(What the task asks):
Give back the data below word for word. Any image in it should be left out.

(Stored data):
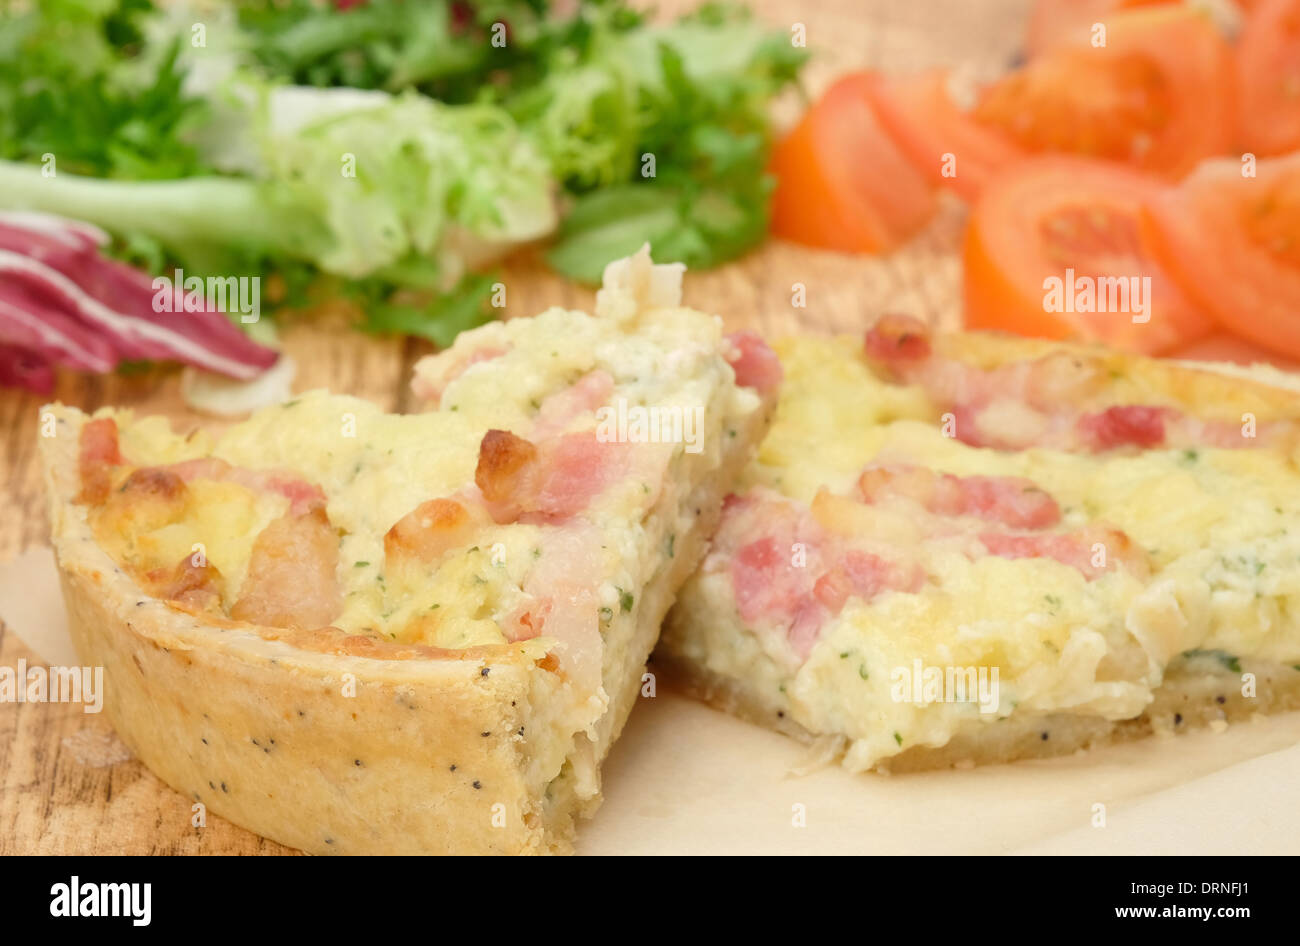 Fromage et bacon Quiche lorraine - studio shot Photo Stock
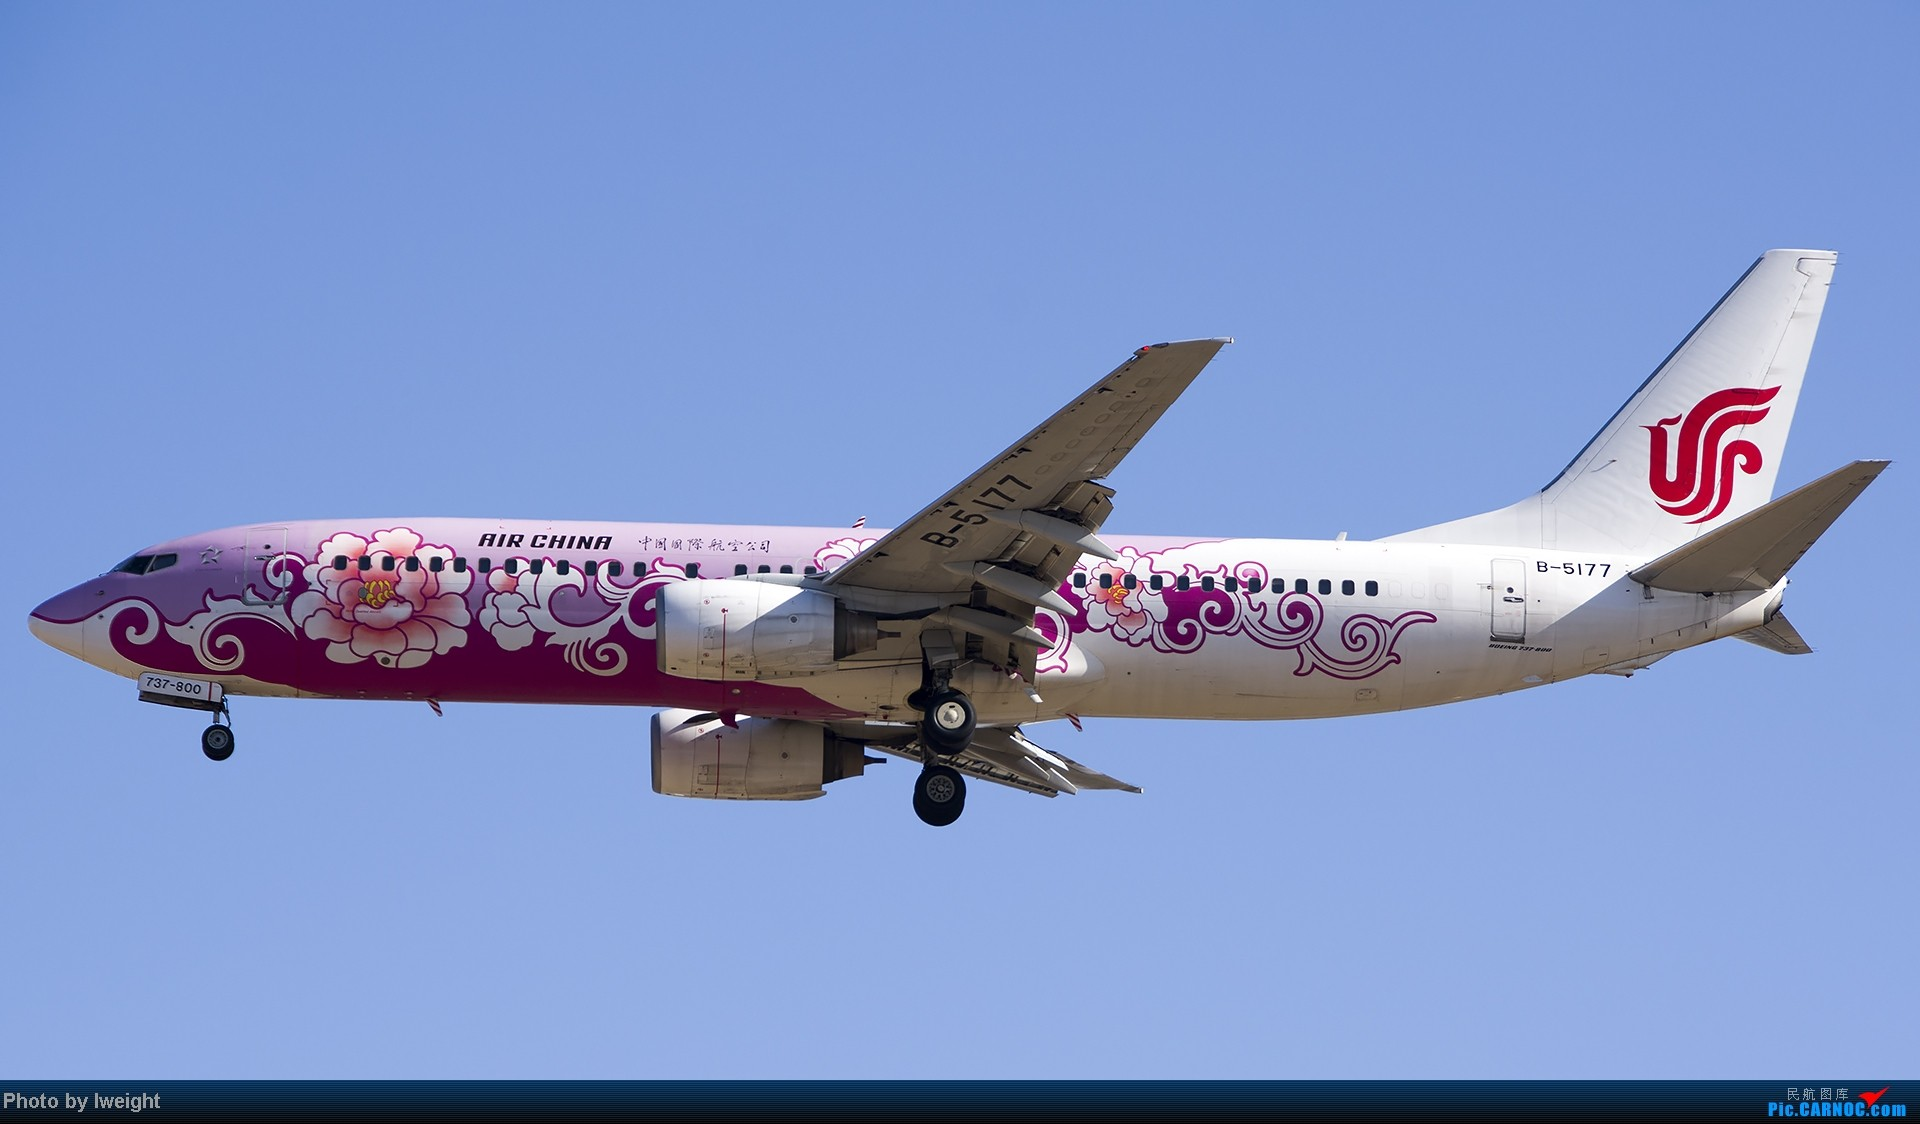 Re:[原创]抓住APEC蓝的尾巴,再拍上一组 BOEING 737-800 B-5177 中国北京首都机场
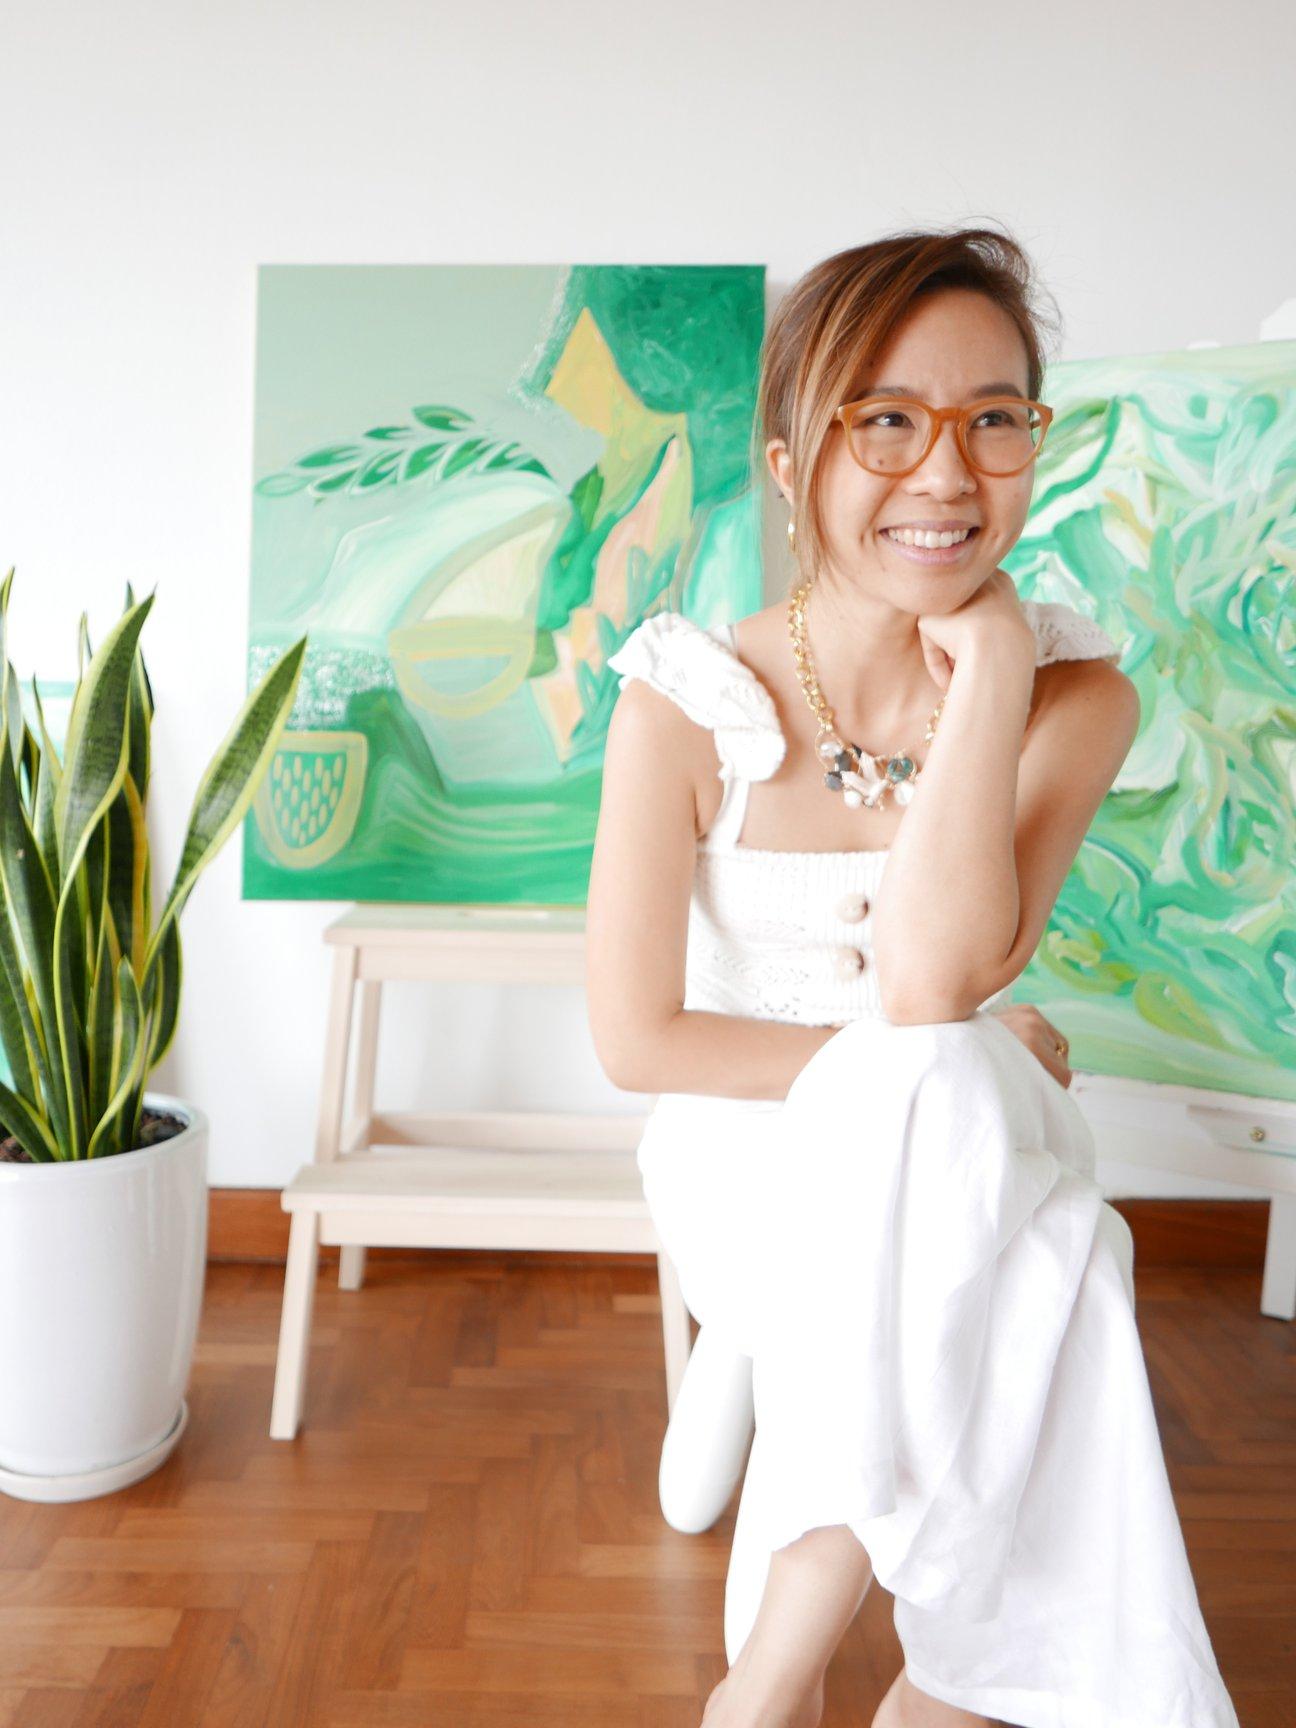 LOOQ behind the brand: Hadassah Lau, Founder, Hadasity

(Solution for this exercise):
 Fromage et bacon Quiche lorraine - studio shot Photo Stock
 Re:[原创]抓住APEC蓝的尾巴,再拍上一组 BOEING 737-800 B-5177 中国北京首都机场
 LOOQ behind the brand: Hadassah Lau, Founder, Hadasity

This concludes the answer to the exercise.